* Provided data *
━━━━━━━━━━━━━━━━━━━━━━━━━━━━━━
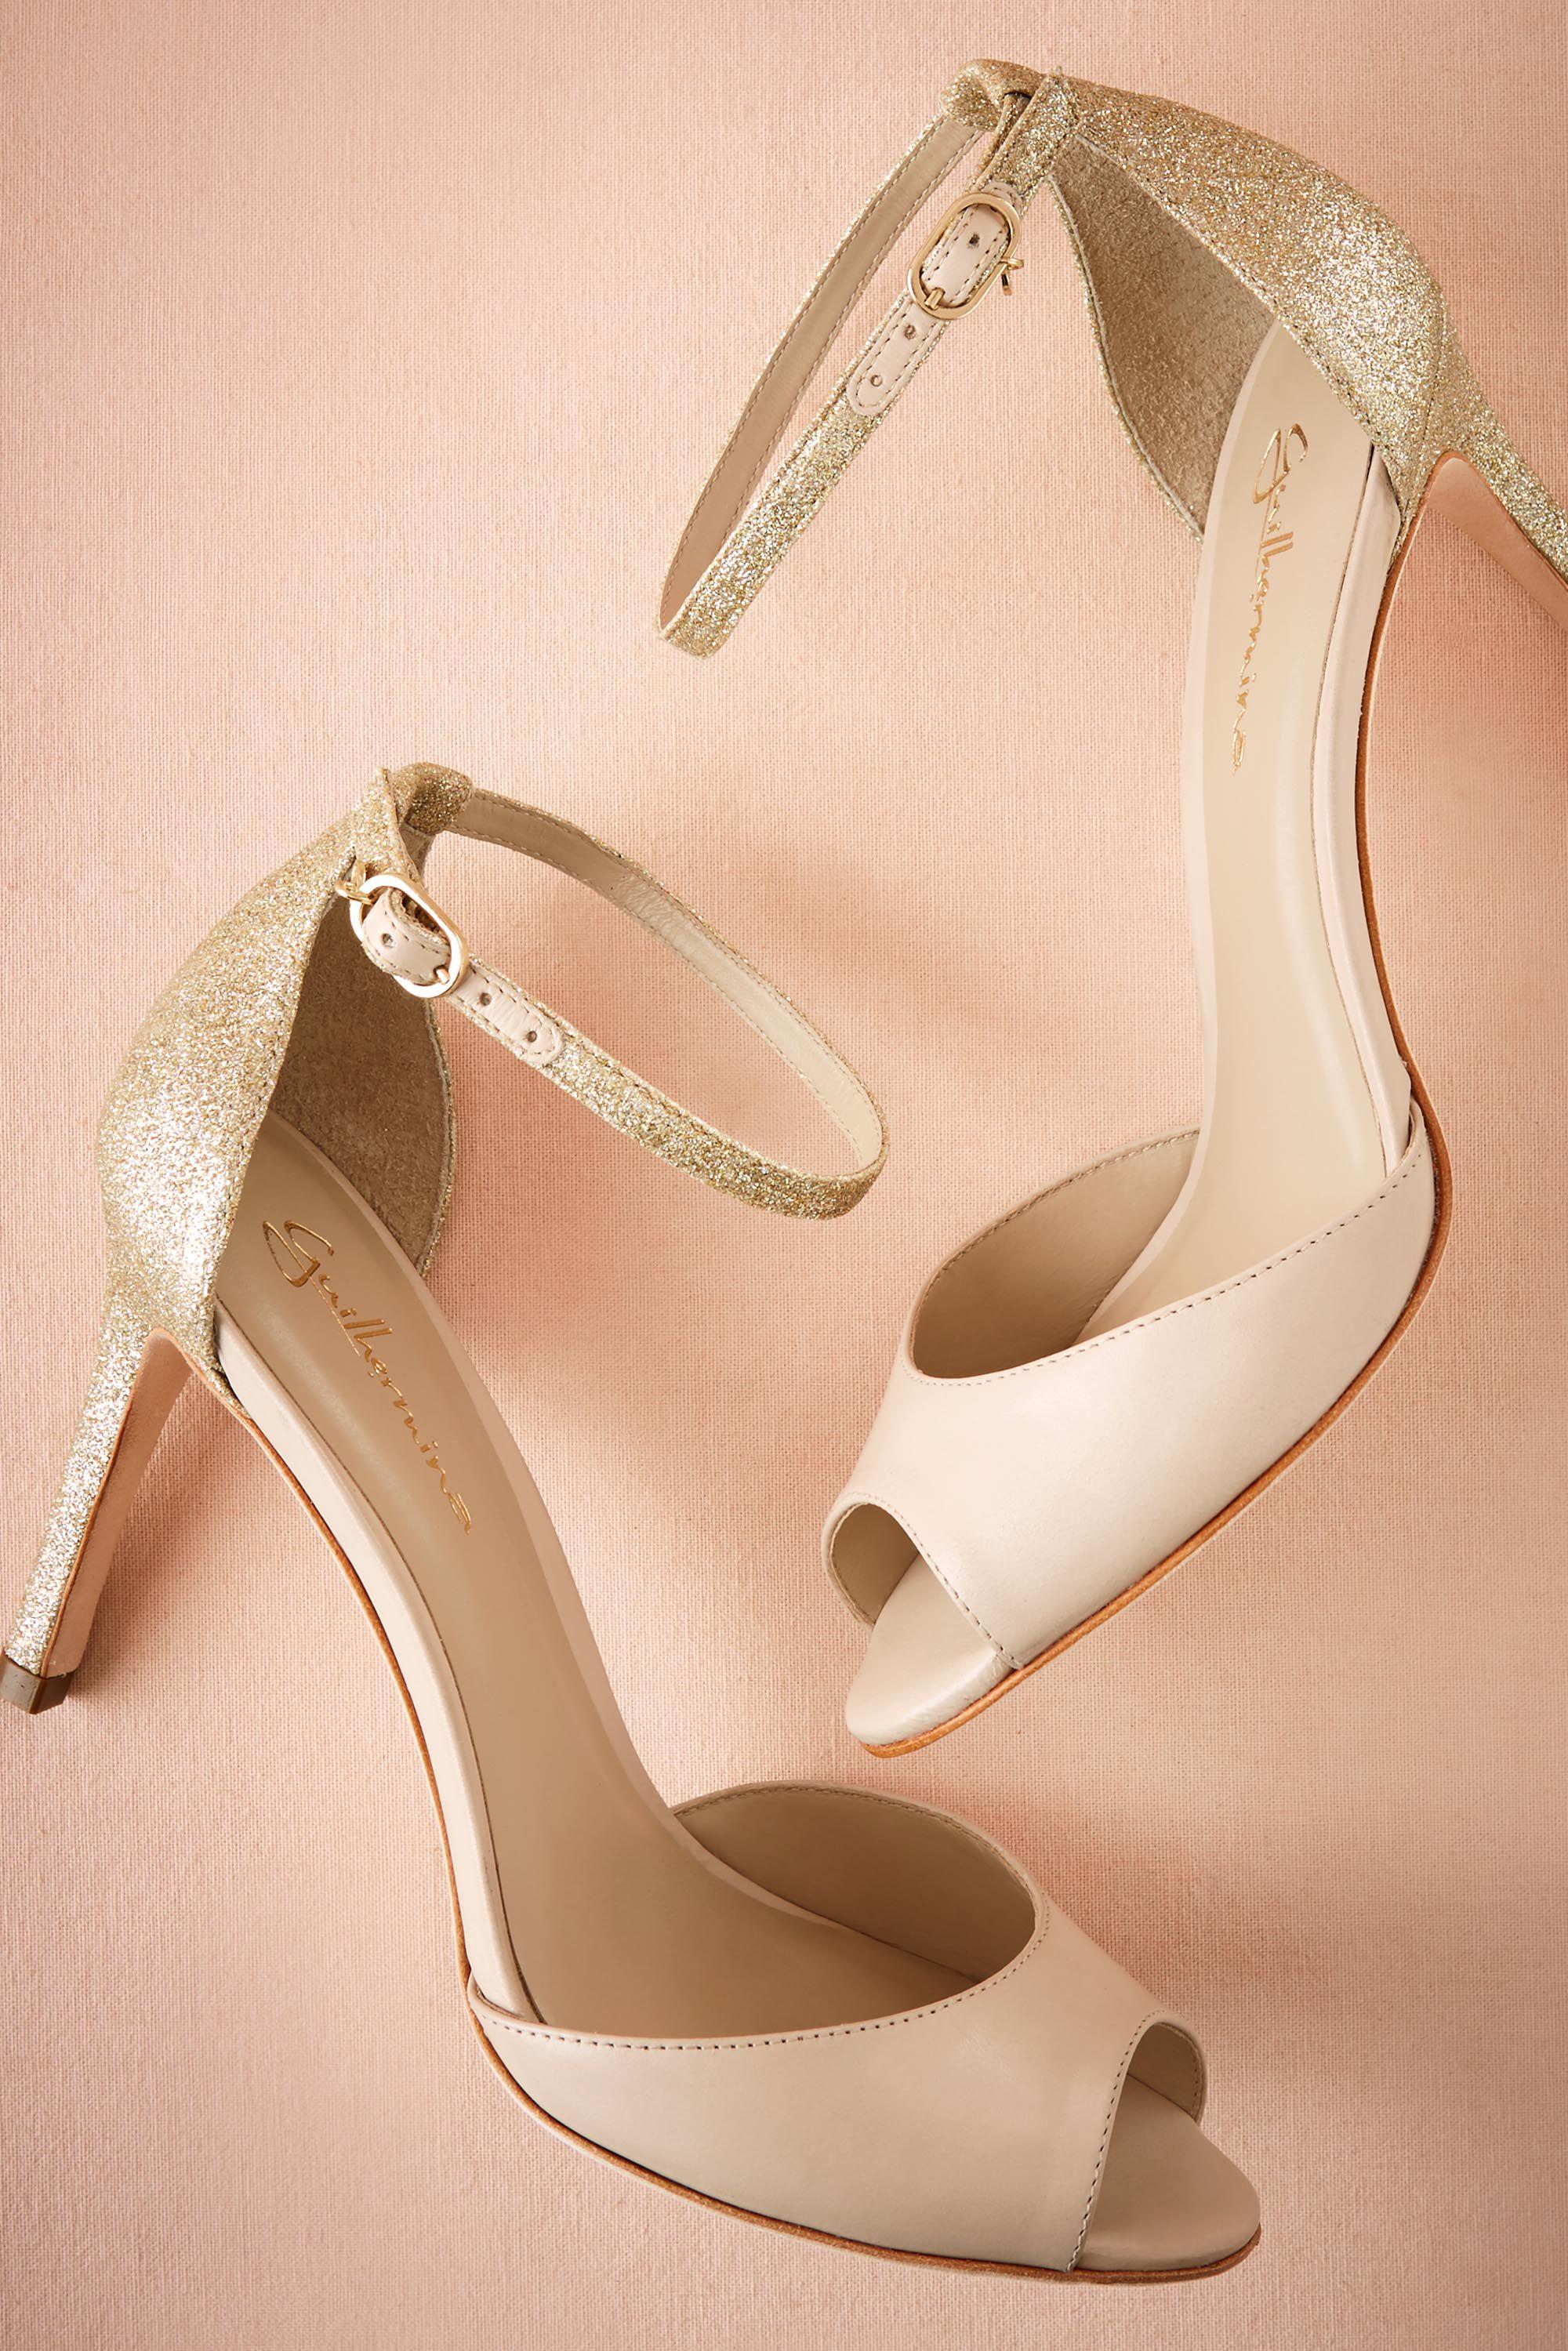 Chandon Heels
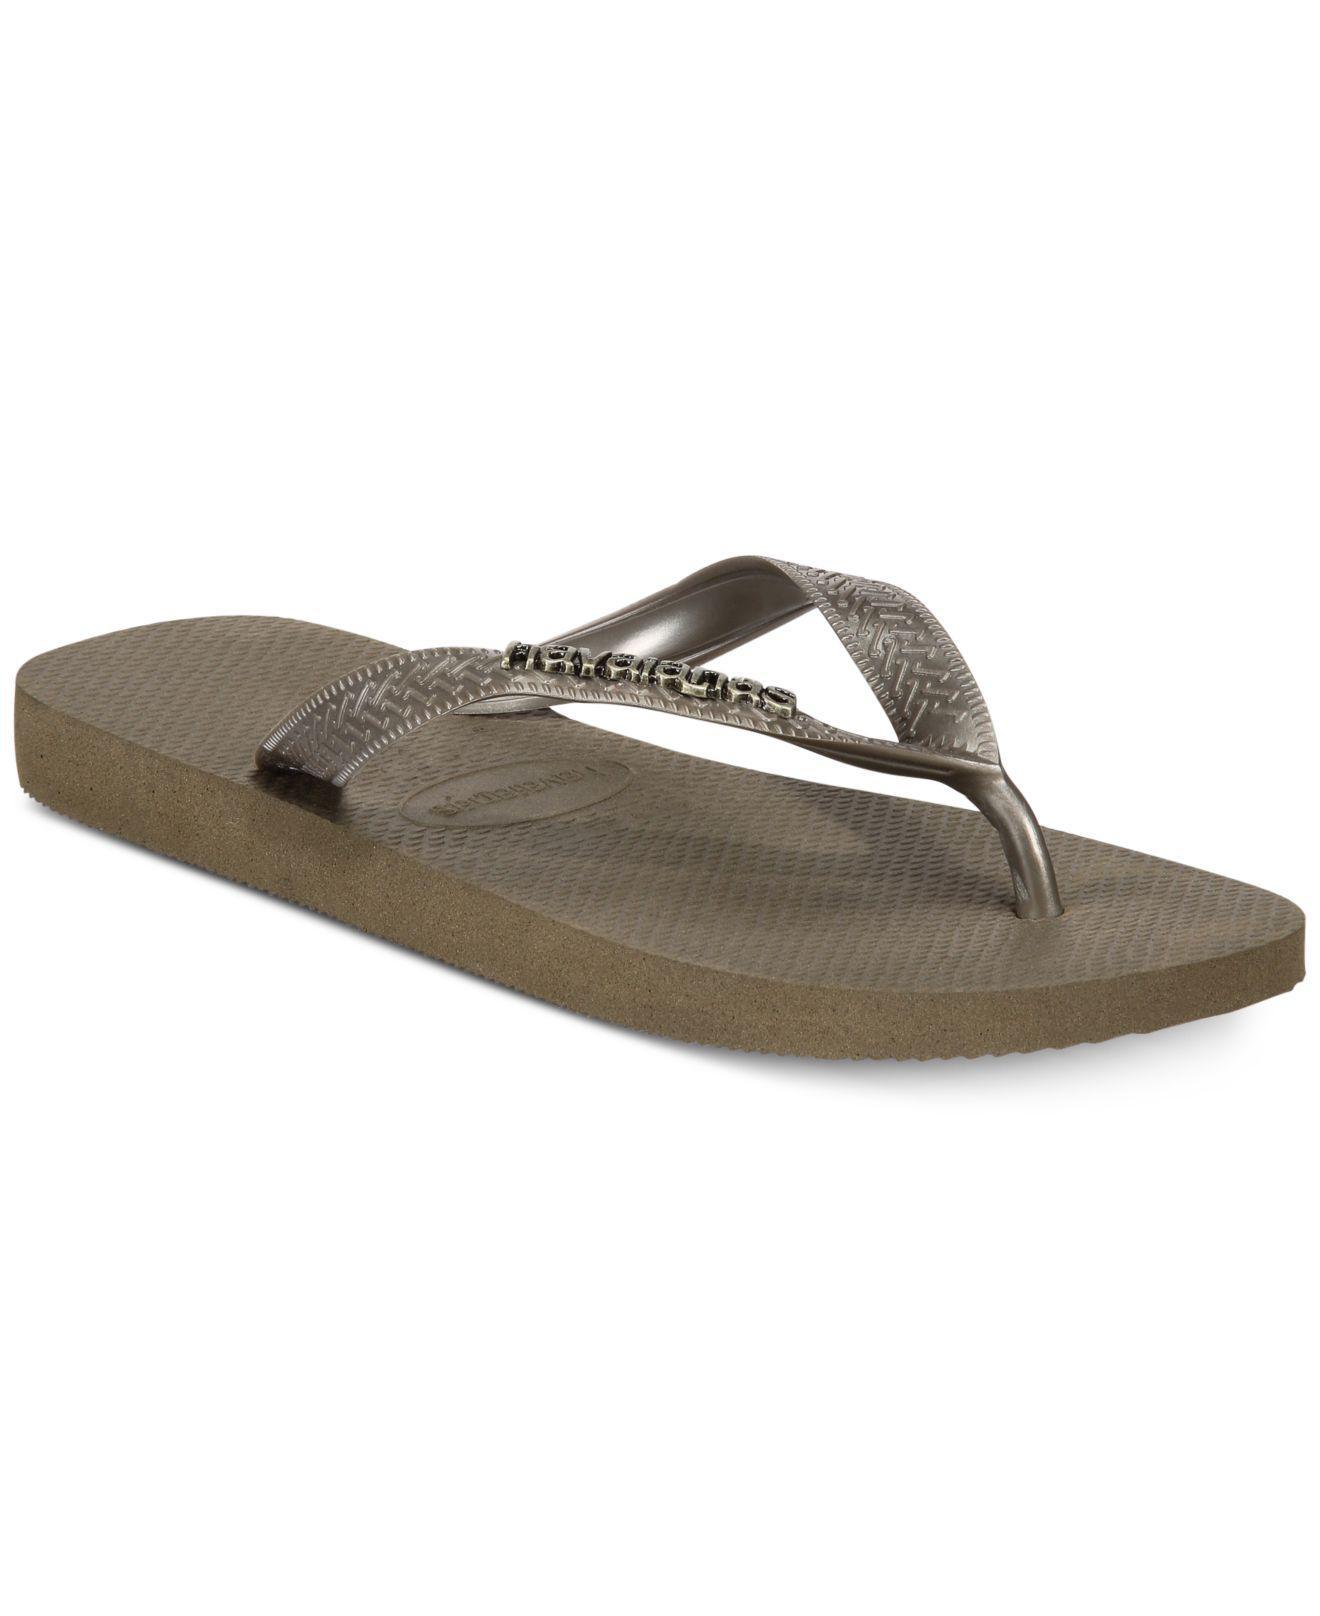 e0d07514e Lyst - Havaianas Top Logo Metallic Flip-flop Sandals in Green
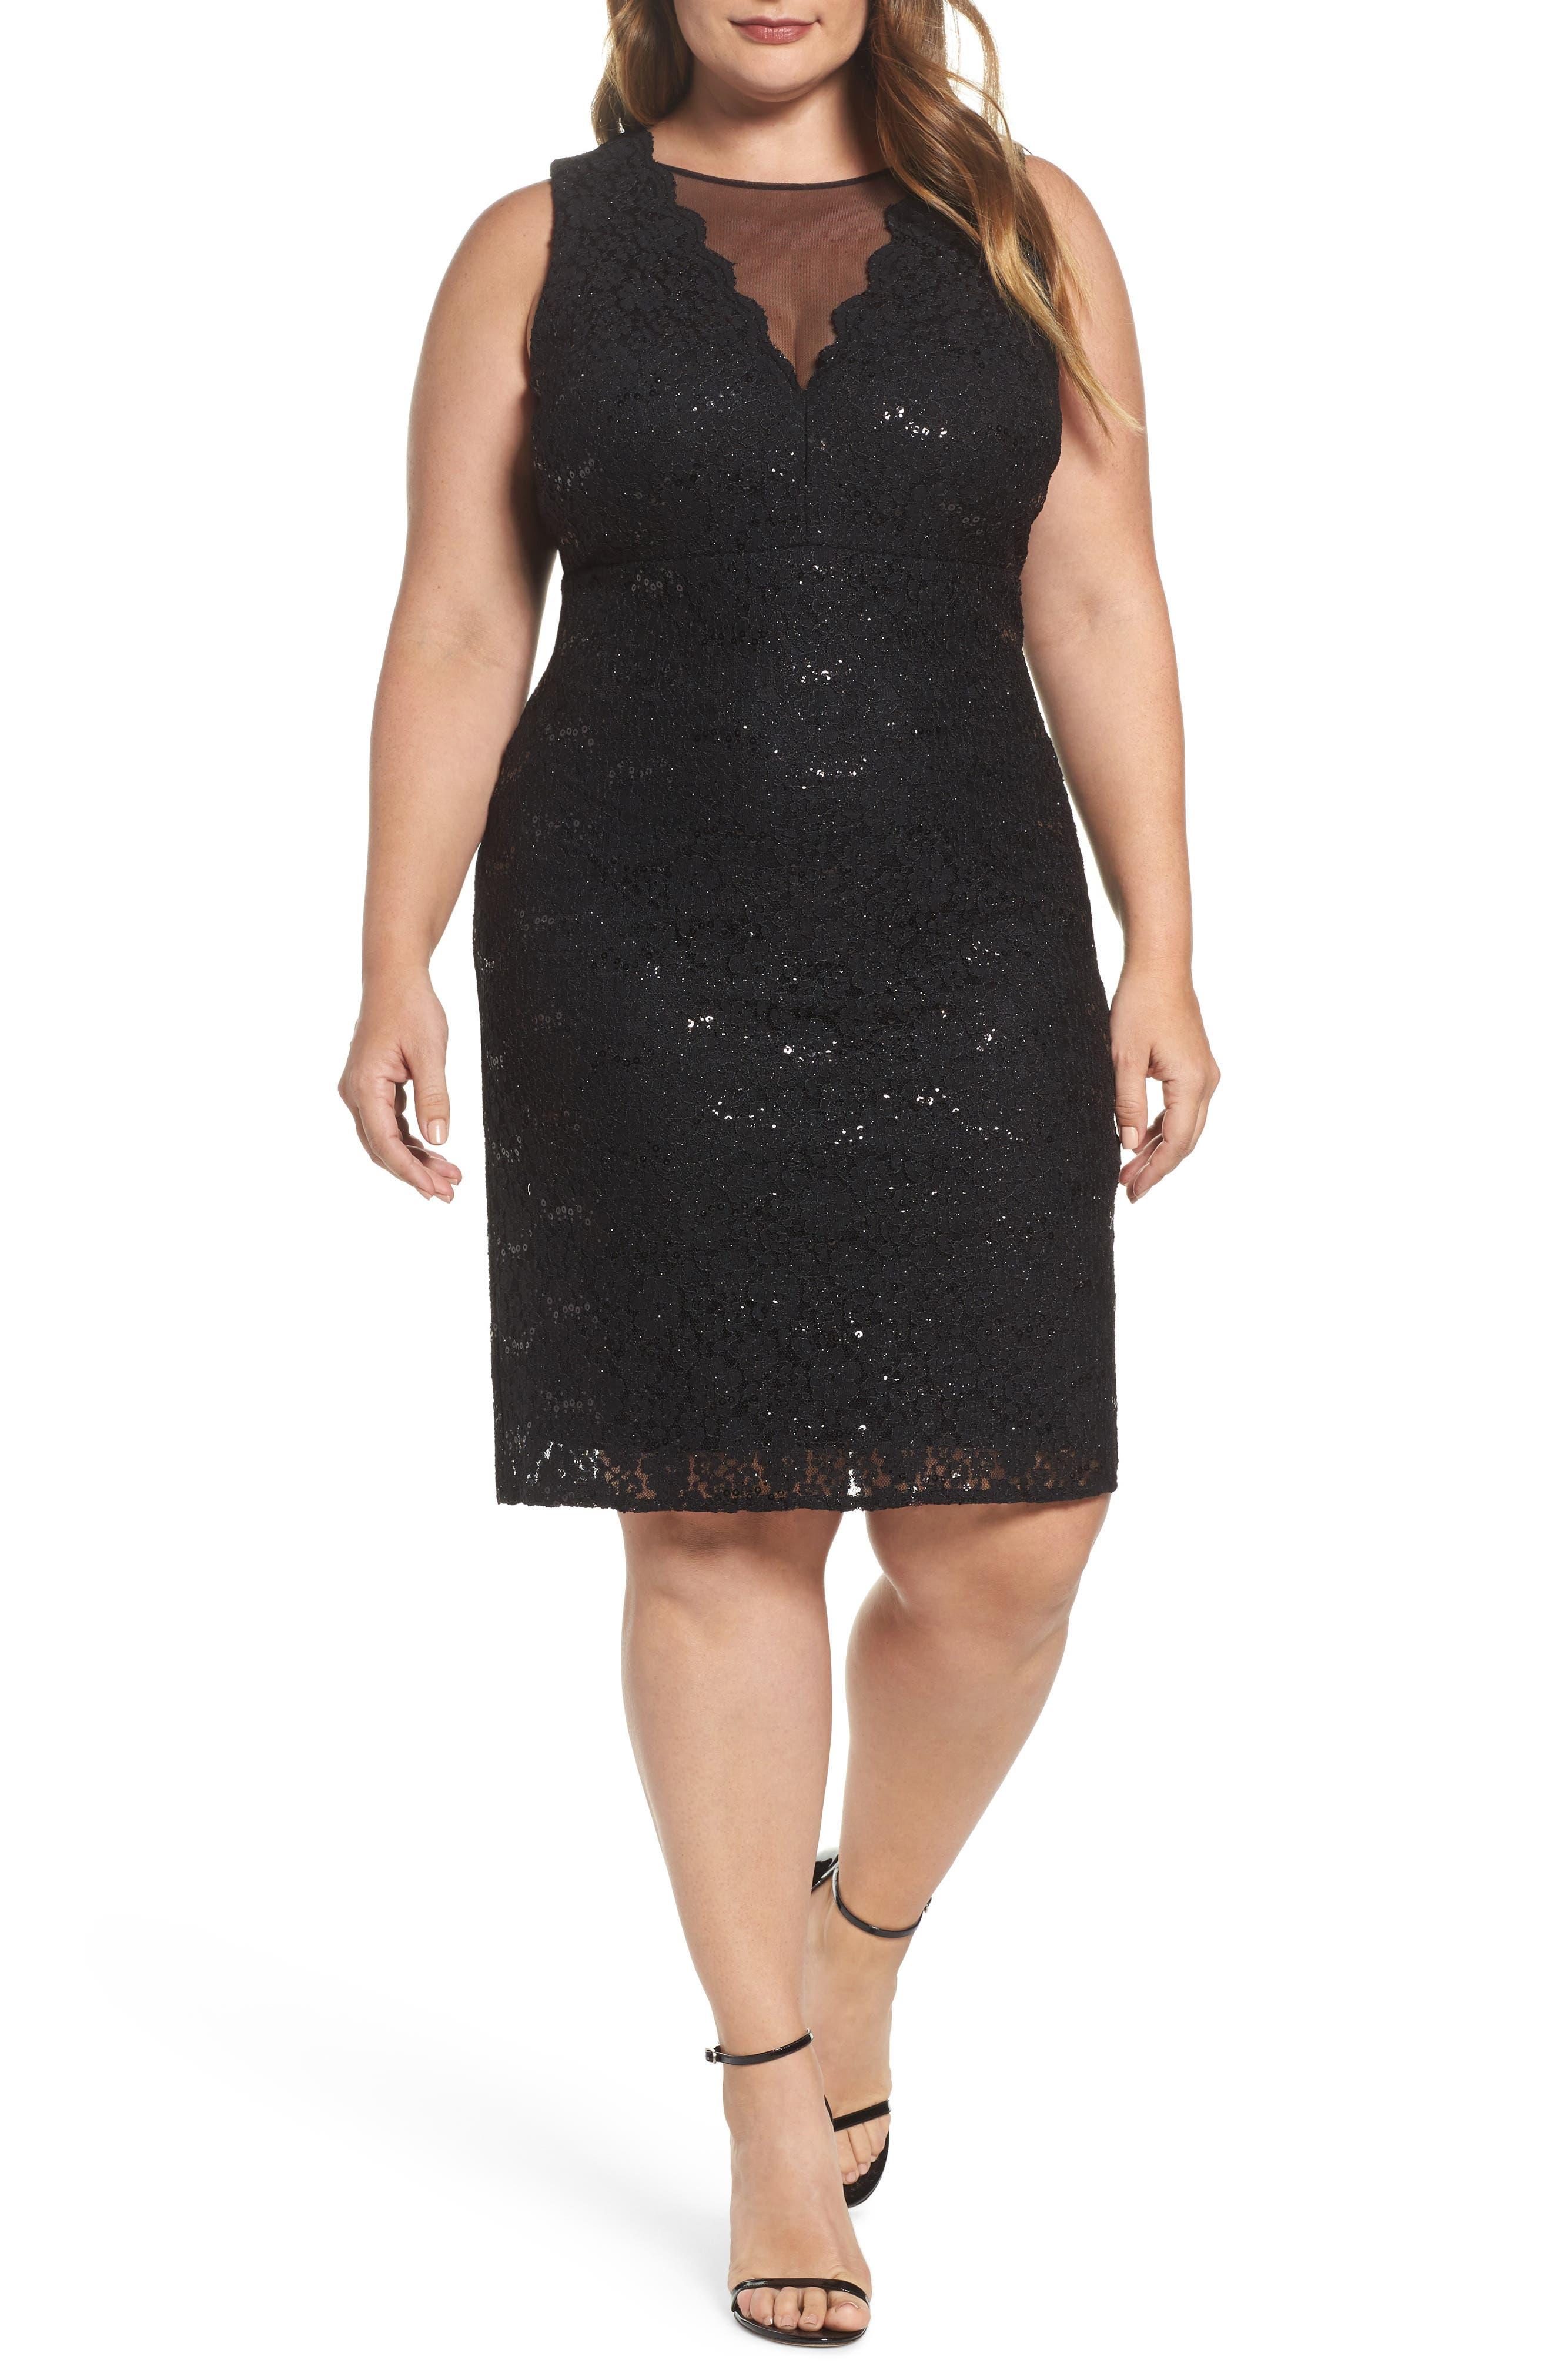 Alternate Image 1 Selected - Morgan & Co. Sequin Lace & Mesh Body-Con Dress (Plus Size)
━━━━━━━━━━━━━━━━━━━━━━━━━━━━━━
Write out the data above in full and exactly, but without the pictures.

* Exercise response *
 Chandon Heels
 e0d07514e Lyst - Havaianas Top Logo Metallic Flip-flop Sandals in Green
 Alternate Image 1 Selected - Morgan & Co. Sequin Lace & Mesh Body-Con Dress (Plus Size)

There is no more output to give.